Page 1 of 1

Recursive XML

Posted: Thu Apr 26, 2018 12:41 pm
by dstager
Hi

I am trying to parse out an XML that has recursive list embedded in a lower level. However, the Edit Assembly does not show the recursive elements (aliased with <> plus an infinity sign). The recursive list STARTS at 7 levels deep within the XML...but I only need to parse the 1st level of the recursive list.

1. How do I configure the Edit Assembly to expand levels (already upped the tree size to 10) - still does not show lower levels...
2. Is the recursive list limited to the tree level limit?

Your valued expertise is greatly appreciated!

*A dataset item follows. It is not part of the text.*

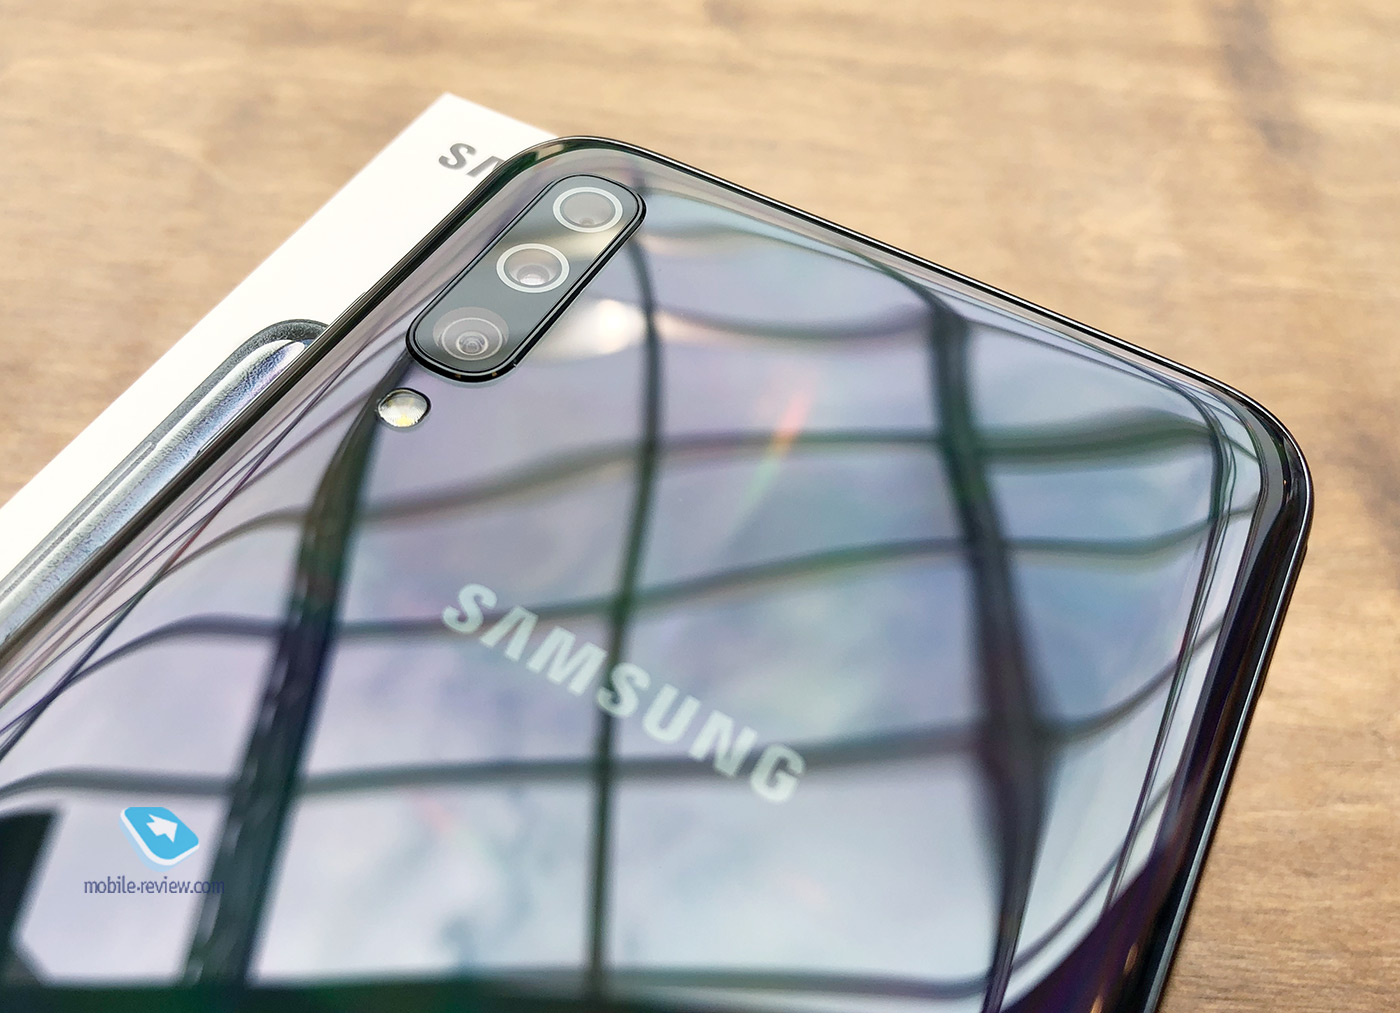 Десять причин купить Samsung Galaxy A70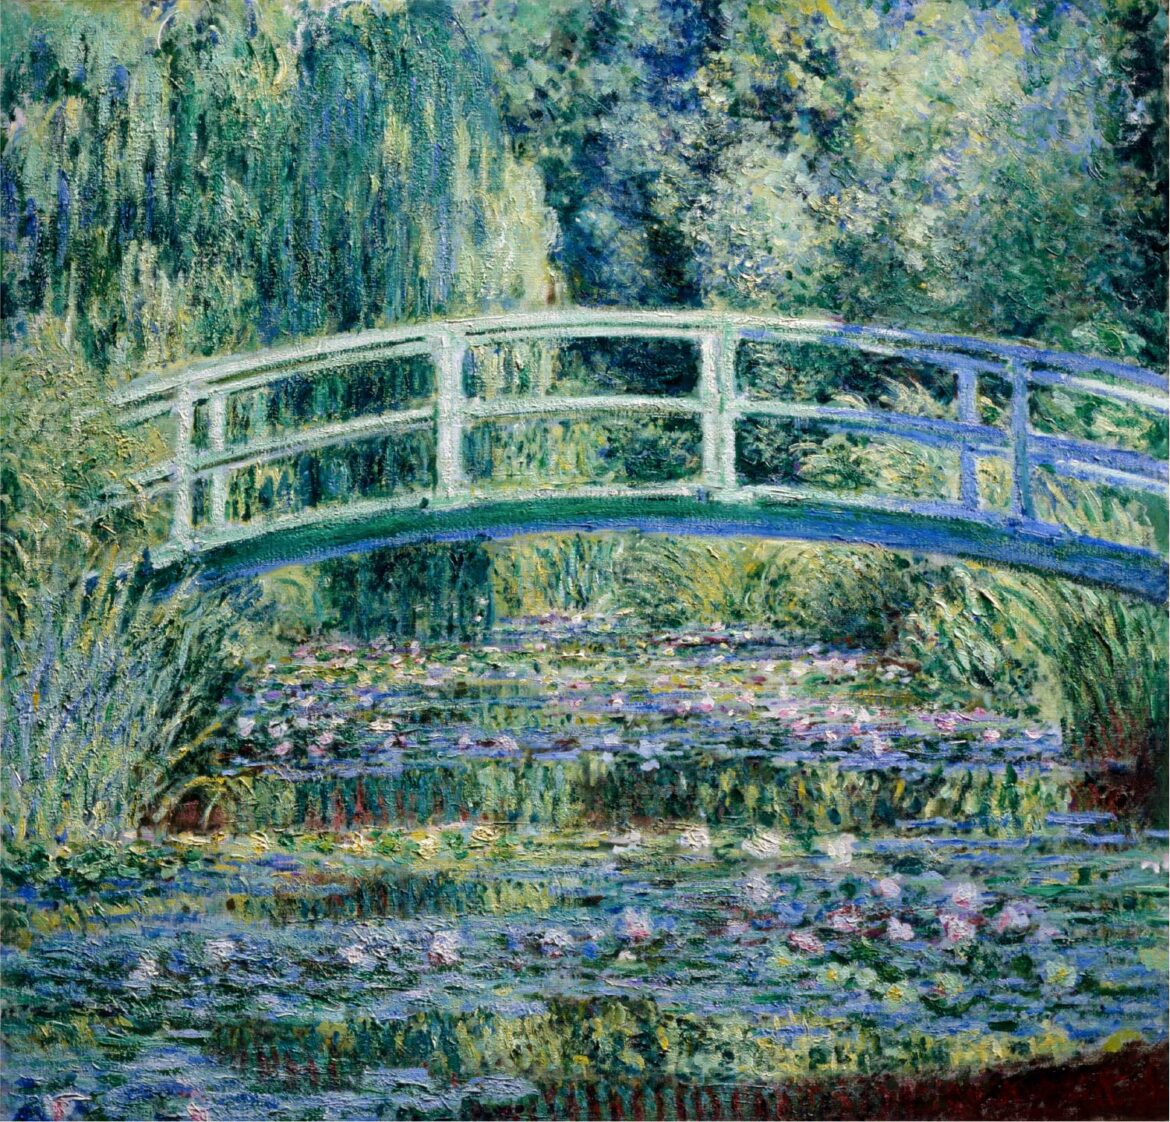 【無料壁紙】クロード・モネ「睡蓮の池と日本の橋 (1899)」 / Claude Water Lilies and Japanese Bridge (1899)

Posted: Fri Apr 27, 2018 11:11 am
by eostic
Most times, for situations like this, I prefer to use the xmlInput Stage. It more easily handles incomplete paths.

I think you said you only need the first level, but imagine if you wanted the first "four".....

....however, for certain incoming documents and parent nodes, you might only have two levels...and for another, all four...but another, none, or just one.

You have to declare all the levels you potentially want, but with the xmlInput Stage, you have the option to just get "nulls" for children that don't exist "for any given parent node". This is the check box that says "Repetition Element Required." This is a powerful notion --- if you "uncheck" it, it tells the Stage "if this path is not complete, and doesn't have a node at this depth, that's ok...retrieve the parent and provide nulls for any elements or attributes on the output link that are not in this instance". If you leave it checked, it acts like a pure, simple relational JOIN.... parents without children are NOT included in the answer set -- or in this context, not sent down the output link.

Declare your potentially nested recursive nodes directly:

(other xpath, etc. in the description is assumed, let's say that you have an "actualElement" that is capable of being nested many times in a "child" element node)...

child1column ...Parent/Child/actualElement/text()
child2column ...Parent/Child/Child/actualElement/text()
child3column ...Parent/Child/Child/Child/actualElement/text()
child4column ...Parent/Child/Child/Child/Child/actualElement/text()

With the Hierarchical Stage, you probably will have to use the "chunk" feature. When you pick your document root, in the xmlParser step, find the list that has your recursive node. Right click. Choose Chunk. That lets you address that "piece" later in the Assembly, possibly passing it to yet another parser step, with an xmlSchema View (from the Library Manager" that teases out the parts that you need...or else, what I prefer to do...send that "chunk" downstream in a longvarchar and pass just "that" into a separate xmlInput Stage for further smart parsing of its levels.

Hopefully these suggestions get you closer to your solution.

Ernie